3. Capability Structs and DSN

PCIe devices verify their identity through more than just IDs. They have “Capability Linked Lists” and “Device Serial Numbers” (DSN).

• Lazy Cloning: Cheap firmware providers often copy the IDs but leave the Capability List as default Xilinx.
• Result: It’s like a person wearing a police uniform but carrying a water gun. The discrepancy reveals the fraud.

The “Shadow Device” Solution (and its limits)

To fix the driver problem, some advanced firmware developers use a technique called “Shadowing” or “Passthrough.” They disable the legitimate device on the motherboard but keep it physically powered, then make the FPGA mimic its responses.

However, modern anti-cheats (like Vanguard) perform Integrity Checks:

1. Memory Writes: They write a random value to a specific register on the “WiFi Card” and expect it to persist or behave in a known way.
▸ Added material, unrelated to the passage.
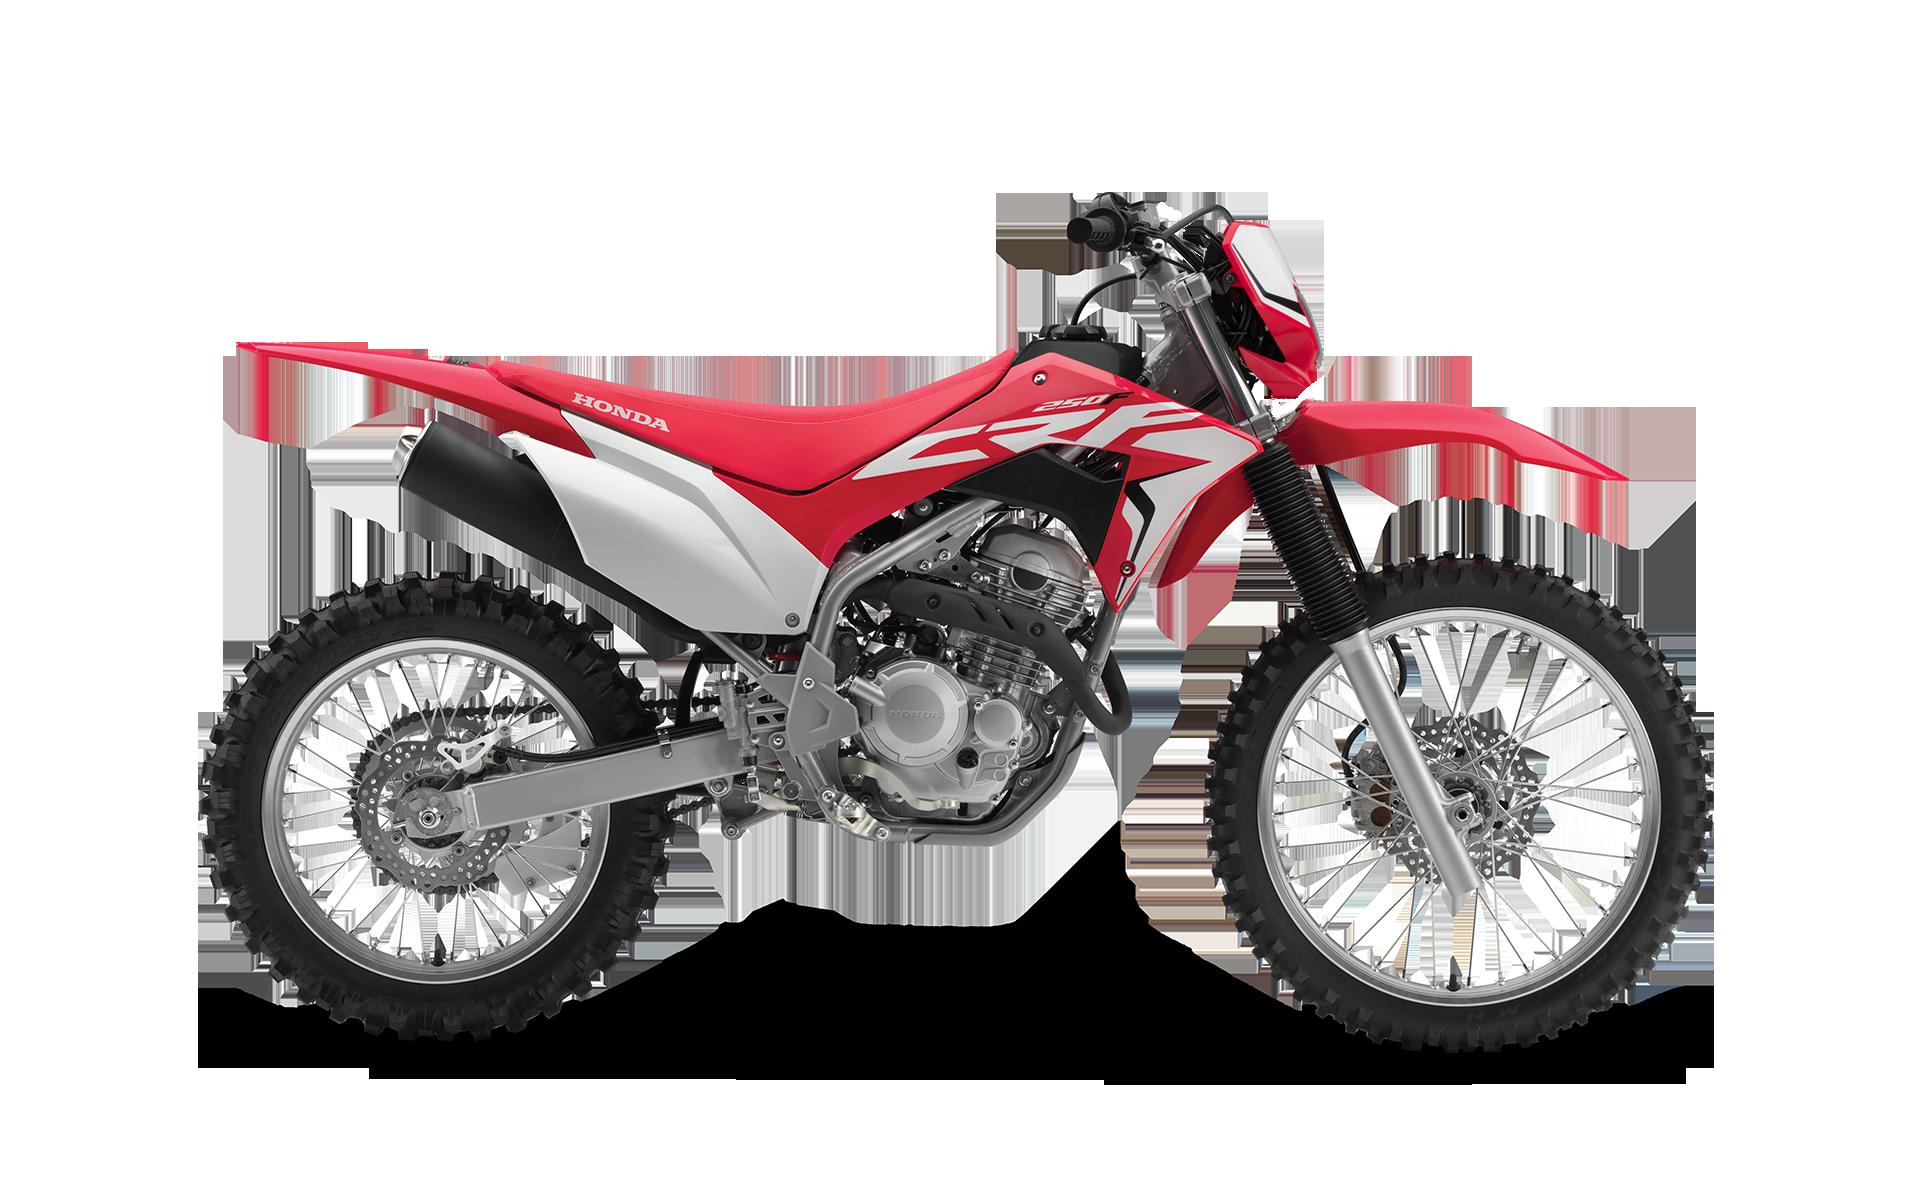 2019 Honda CRF250F Pre-Order Bonus Offer

An FPGA mimicking a device simply ignores this or responds statically.
2. Timing Analysis: The response time of an FPGA over a PCIe riser is microscopically different from a PCH-integrated device.

Conclusion

There is no such thing as a passive “Whitelist.” You cannot simply “be” a legitimate device; you must act like one, responding to driver interrupts, managing power states, and handling proprietary commands.

Unless you are simulating the full silicon logic of an Intel Network Controller (which is impossibly complex for a simple cheat firmware), “Whitelist Spoofing” is just a game of probability—hoping the anti-cheat doesn’t check too deep today.